Une lueur de béatitude scintille dans ses yeux clairs. Une sérénité telle que la médium ne l'a jamais vue auparavant. Petit sourire au visage et larmes au coin des yeux, elle murmure chaleureusement : 

— Oui, cette Lumière est pour vous ! Bon voyage !

Le défunt se dirige vers sa droite, se retourne une dernière fois et dit : 

— Je ne me suis jamais senti aussi léger de ma vie ! Le Livre est à sa place, de retour dans la bibliothèque de votre mari ! Ma fiancée, mes parents et ma sœur m’attendent, agitant les bras pour m’inviter à les rejoindre.

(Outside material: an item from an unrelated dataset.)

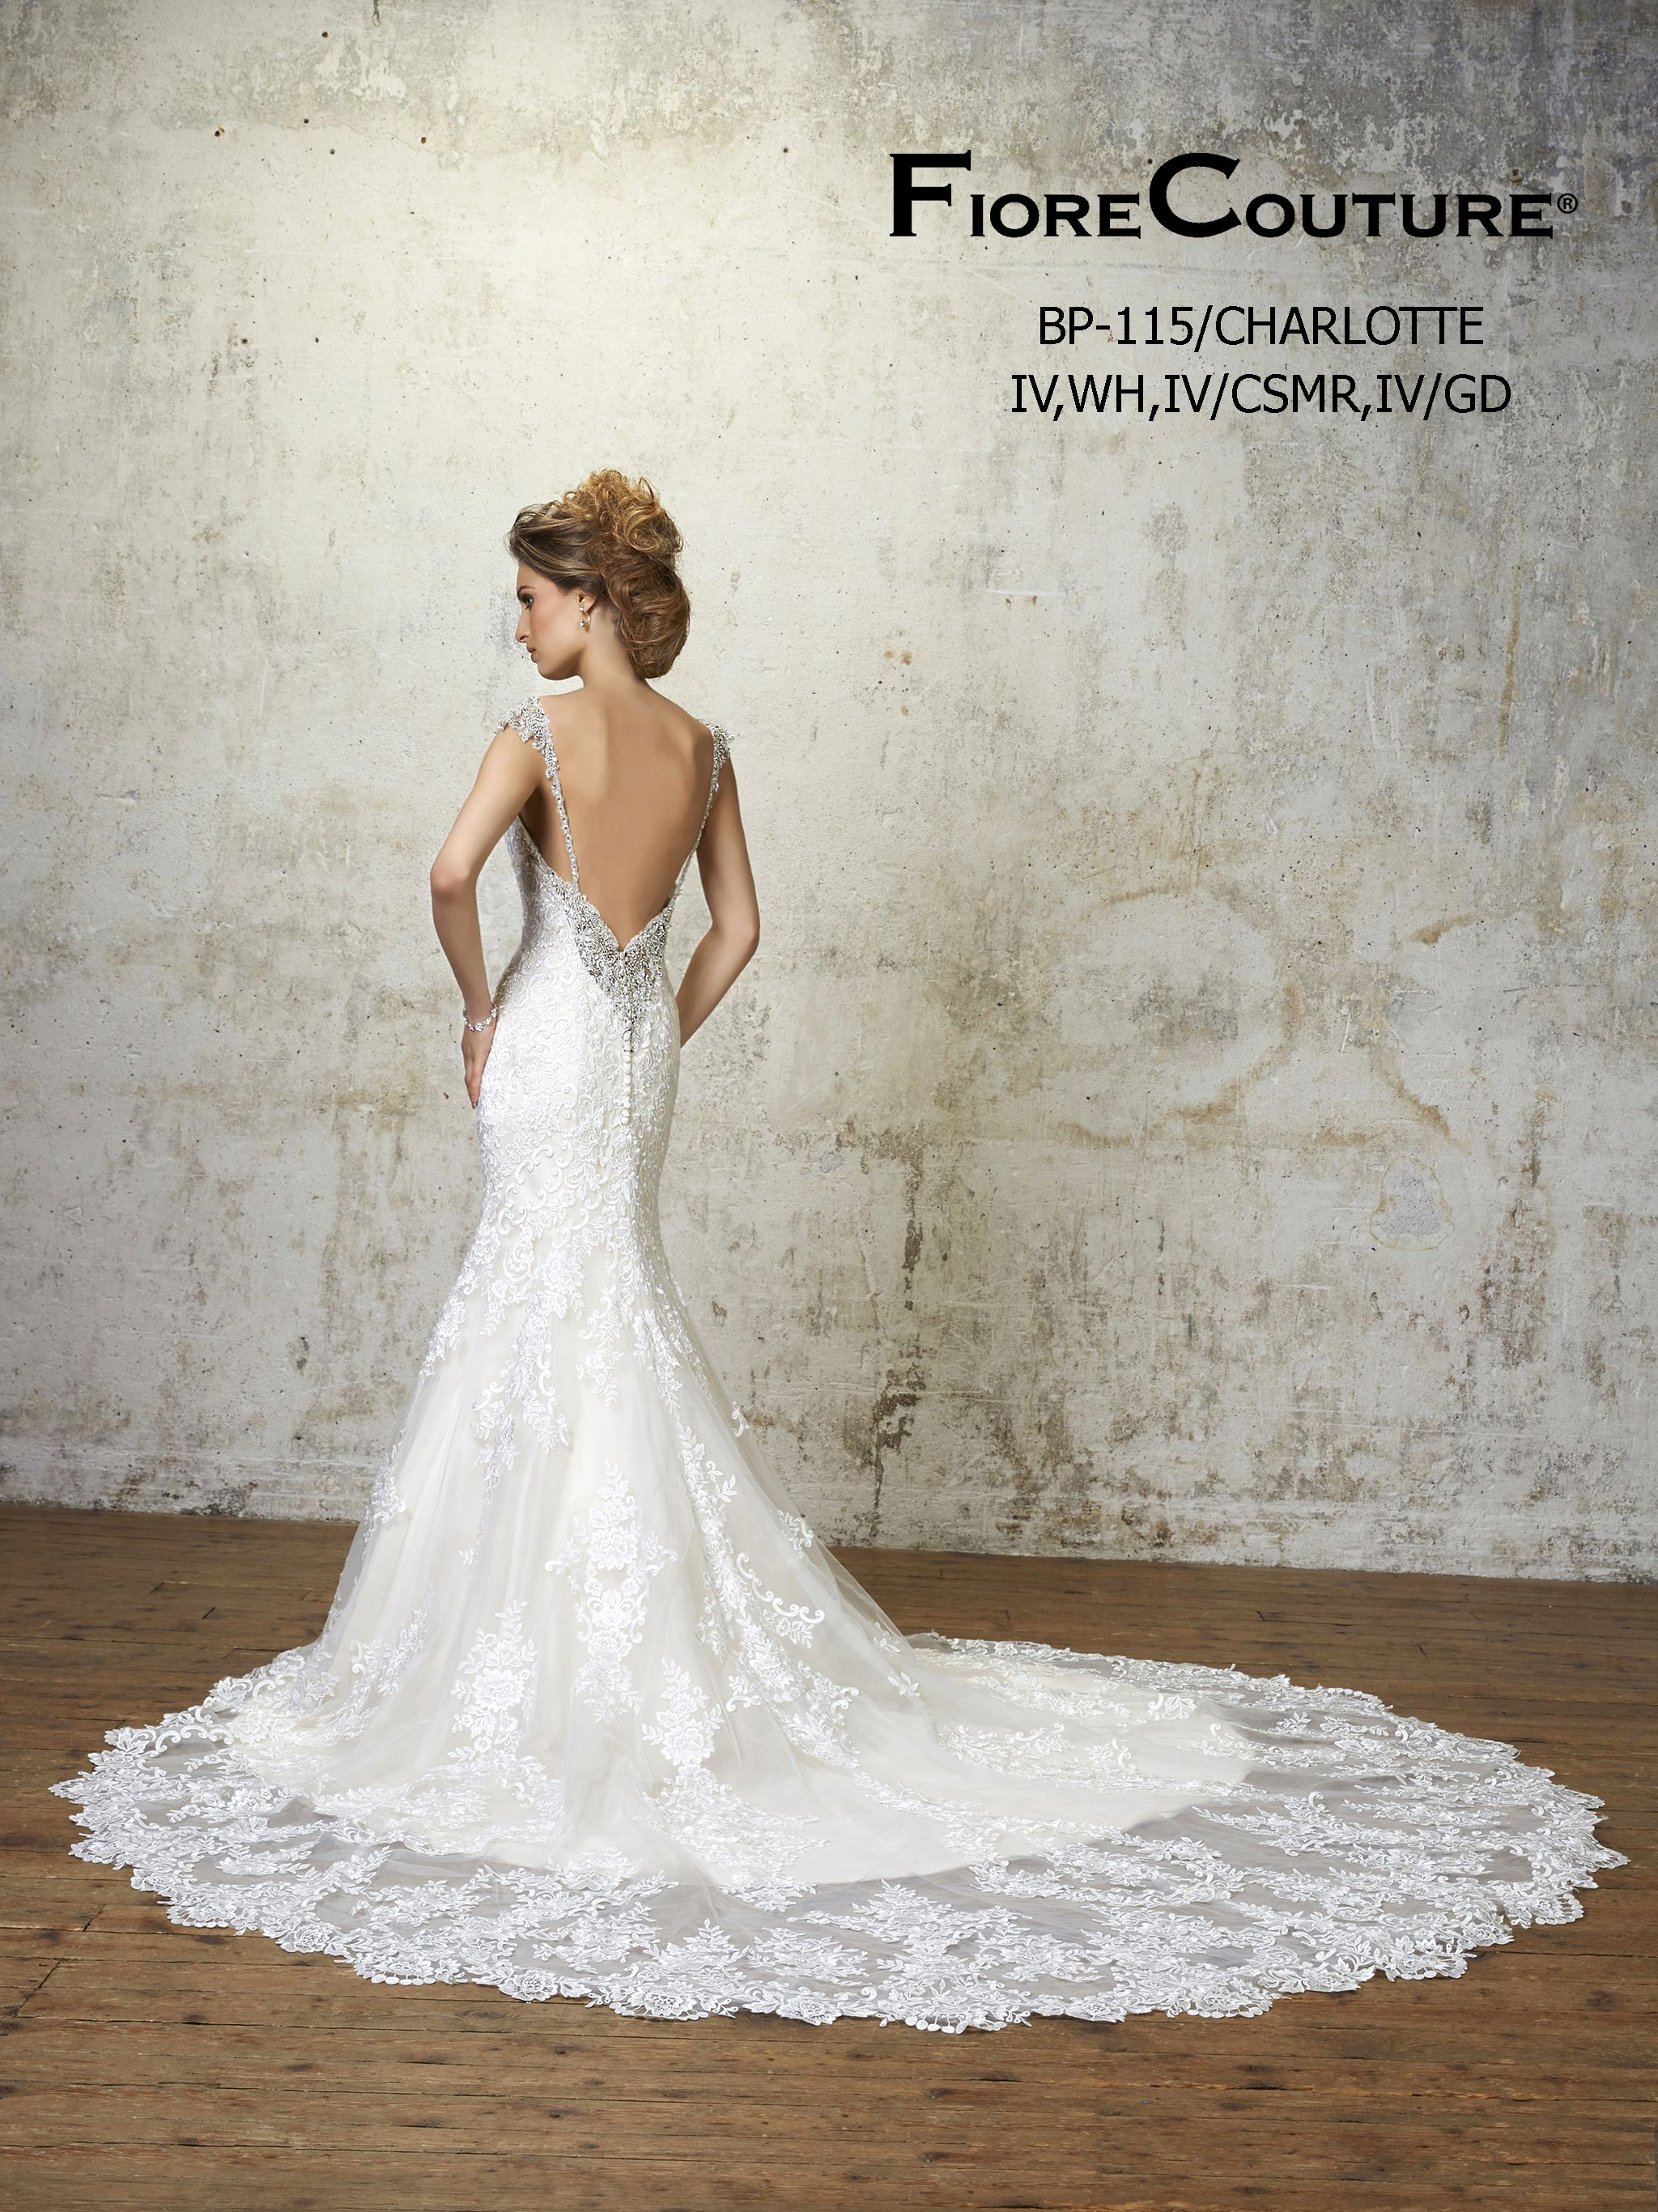 Fiore Couture Charlotte Wedding Stylescharlotte

J'arrive !

Et, doucement, il s’éclipse du regard de la jeune mère, enveloppé par une douce et pure lumière blanche imperceptible pour la médium.

L’épouse de Jim, essuyant une larme de joie, rejoint son mari et s’endort d’un sommeil léger, aucunement inquiète pour leur futur.

Dans la pénombre de la chambre, le médecin collaborateur Charlie Luc Wogel, petit sourire sardonique aux lèvres, guette le couple avant de s’évaporer.